**Work instruction:** Word for word, copy the data that follows and skip its pictures.

Dataset excerpt START

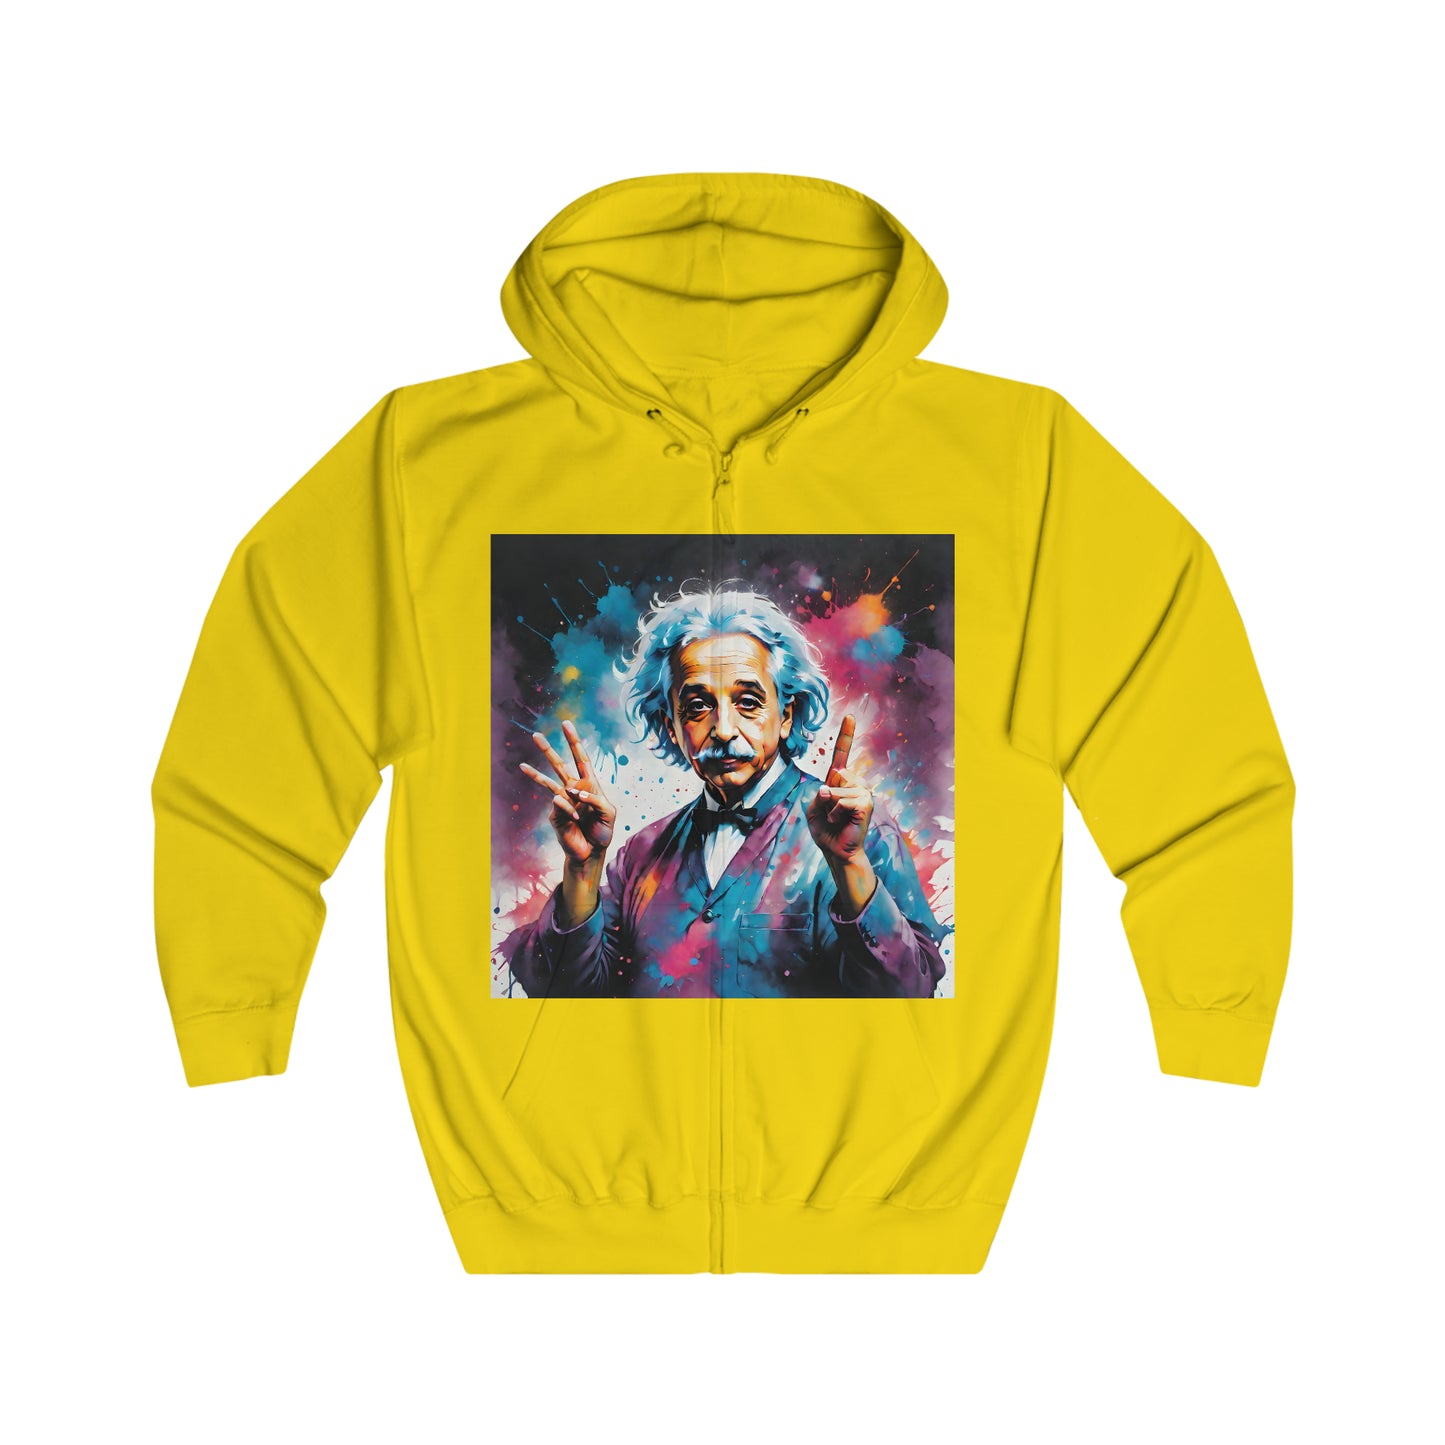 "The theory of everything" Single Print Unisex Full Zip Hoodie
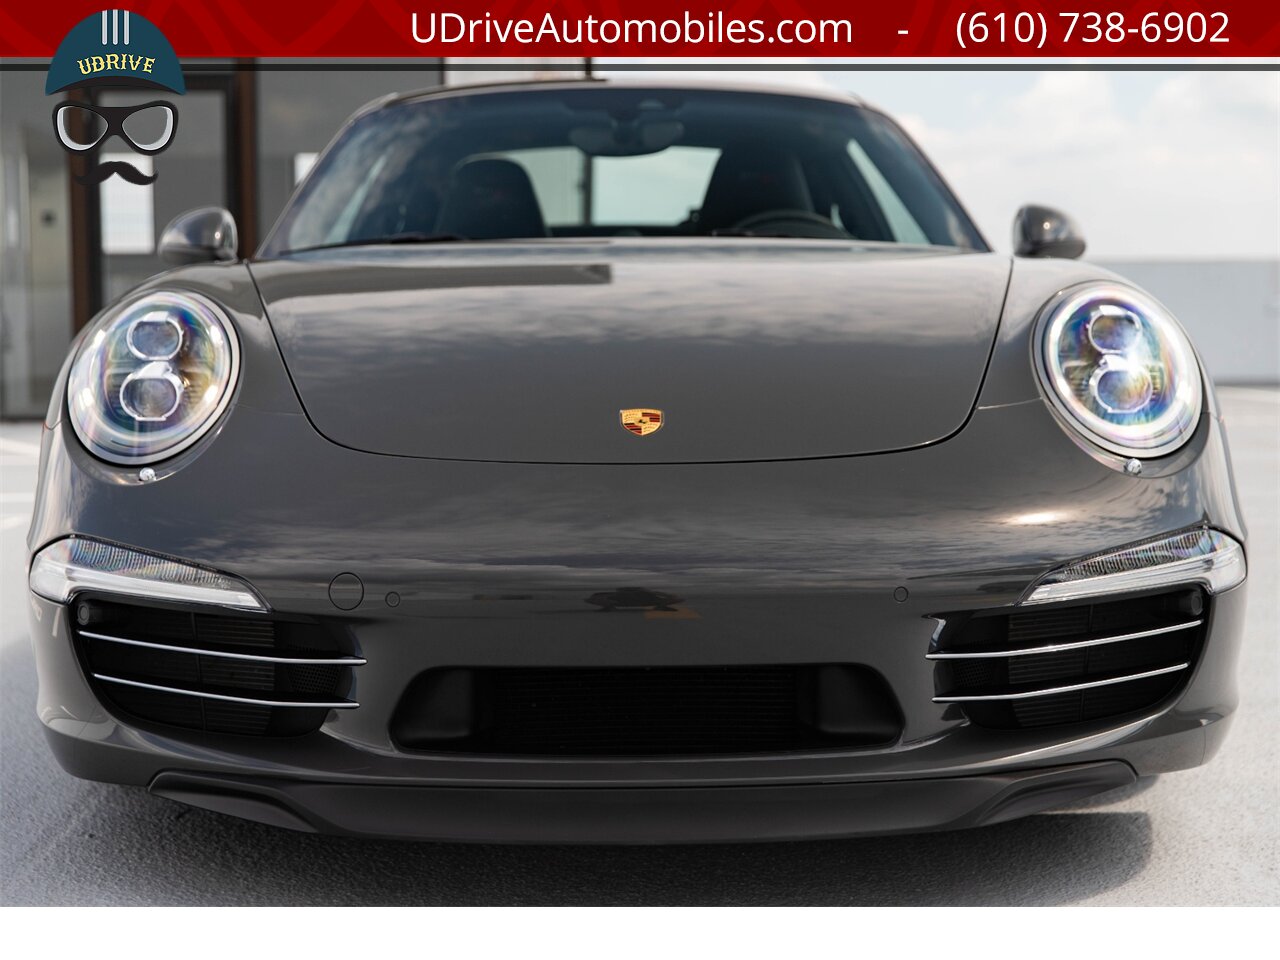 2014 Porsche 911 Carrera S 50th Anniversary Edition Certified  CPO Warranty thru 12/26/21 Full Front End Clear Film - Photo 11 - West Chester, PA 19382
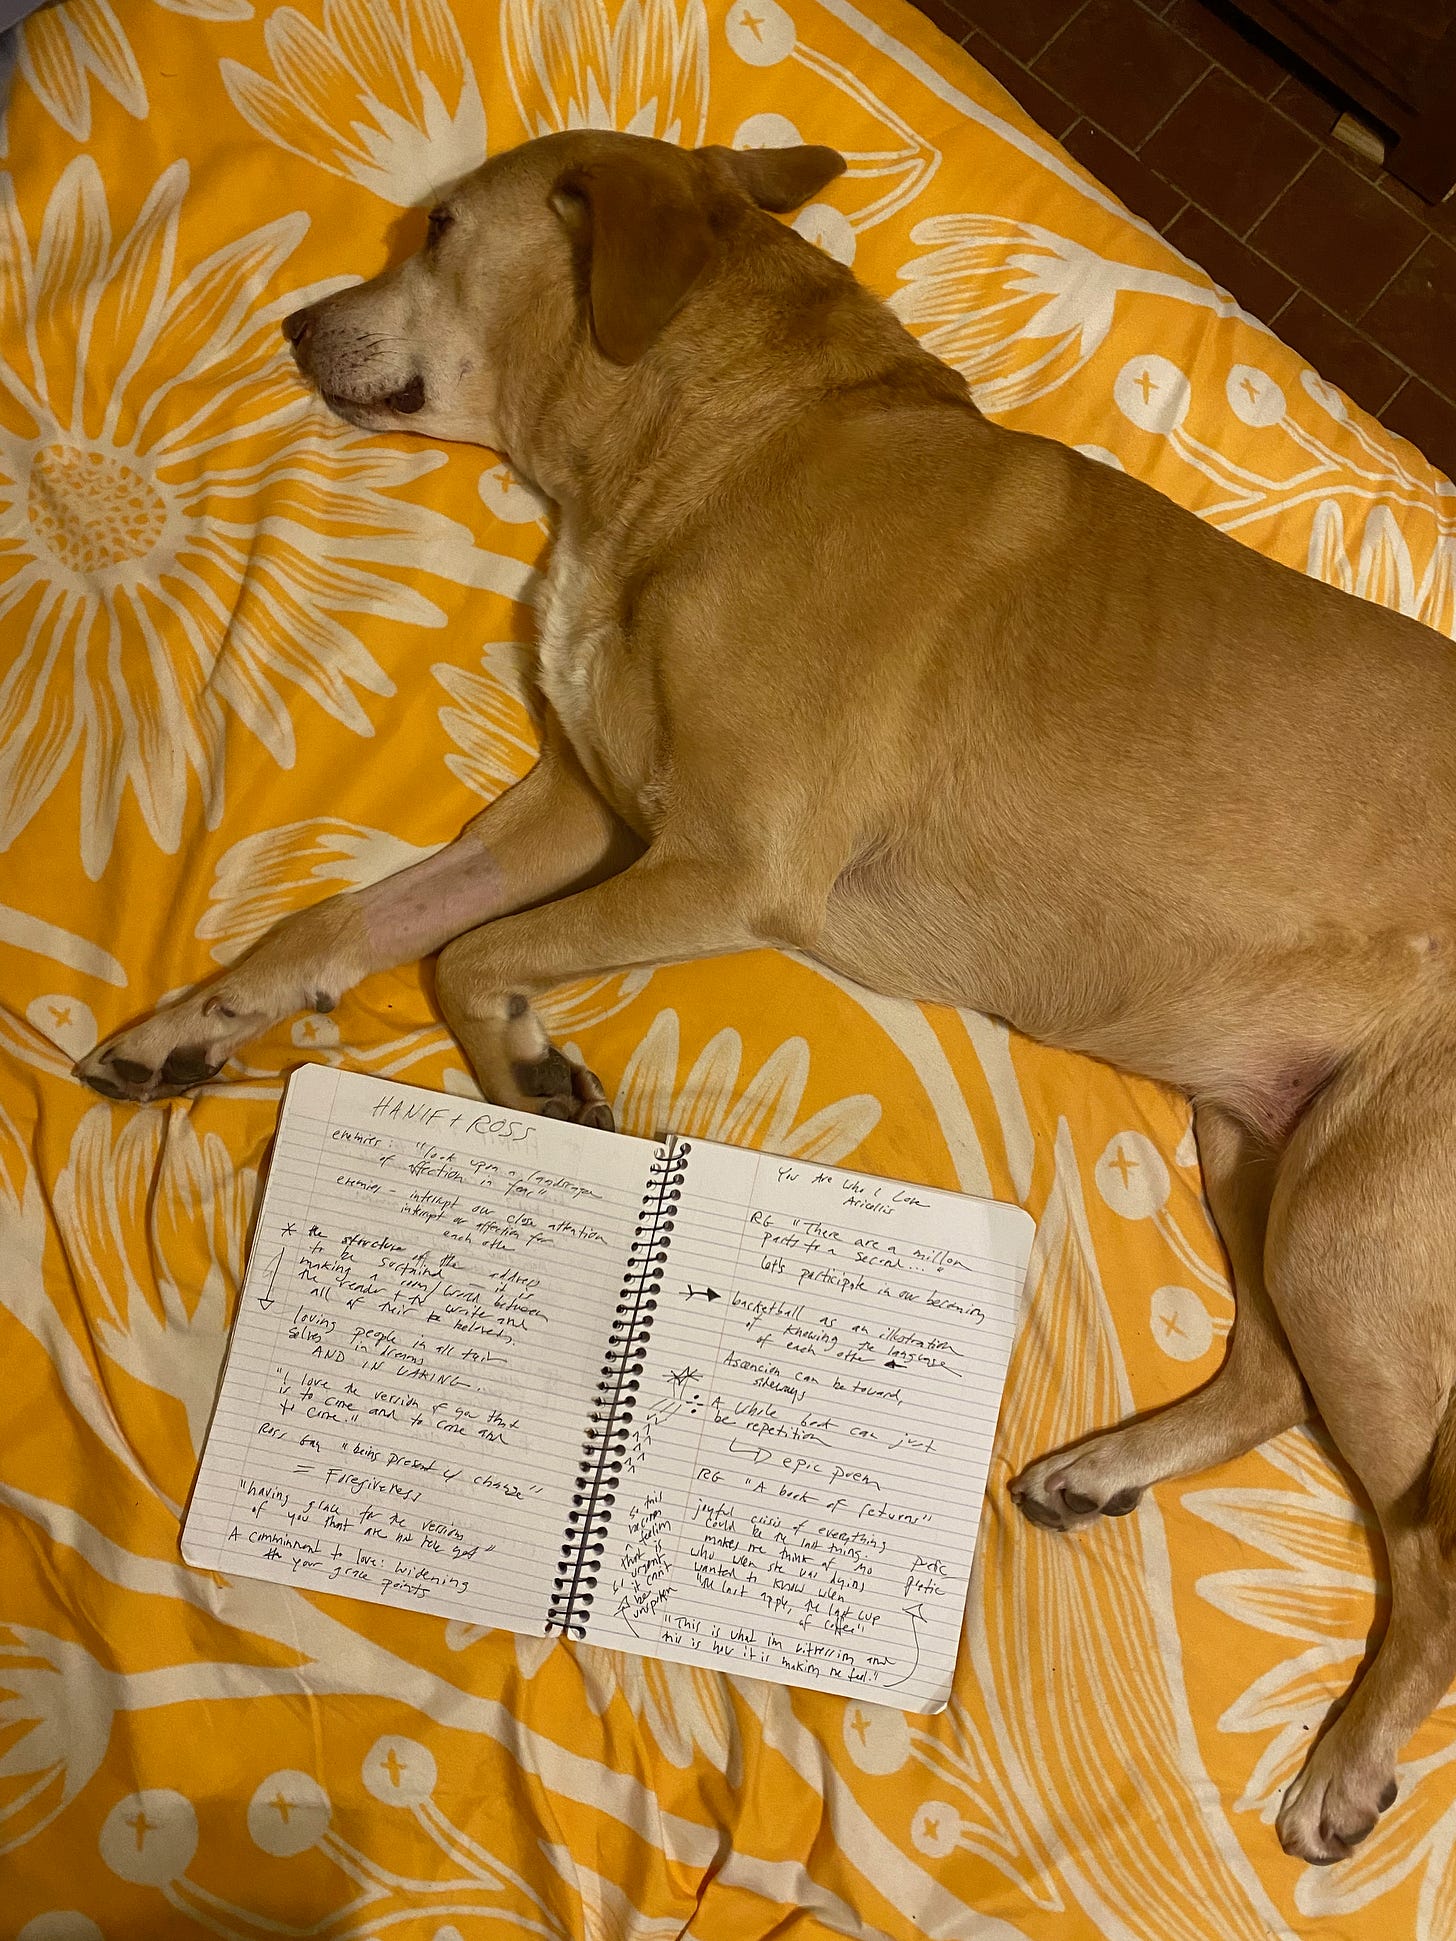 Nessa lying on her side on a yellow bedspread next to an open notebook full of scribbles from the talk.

Dataset excerpt END

**Reply:**
 "The theory of everything" Single Print Unisex Full Zip Hoodie
 2014 Porsche 911 Carrera S 50th Anniversary Edition Certified  CPO Warranty thru 12/26/21 Full Front End Clear Film - Photo 11 - West Chester, PA 19382
 Nessa lying on her side on a yellow bedspread next to an open notebook full of scribbles from the talk.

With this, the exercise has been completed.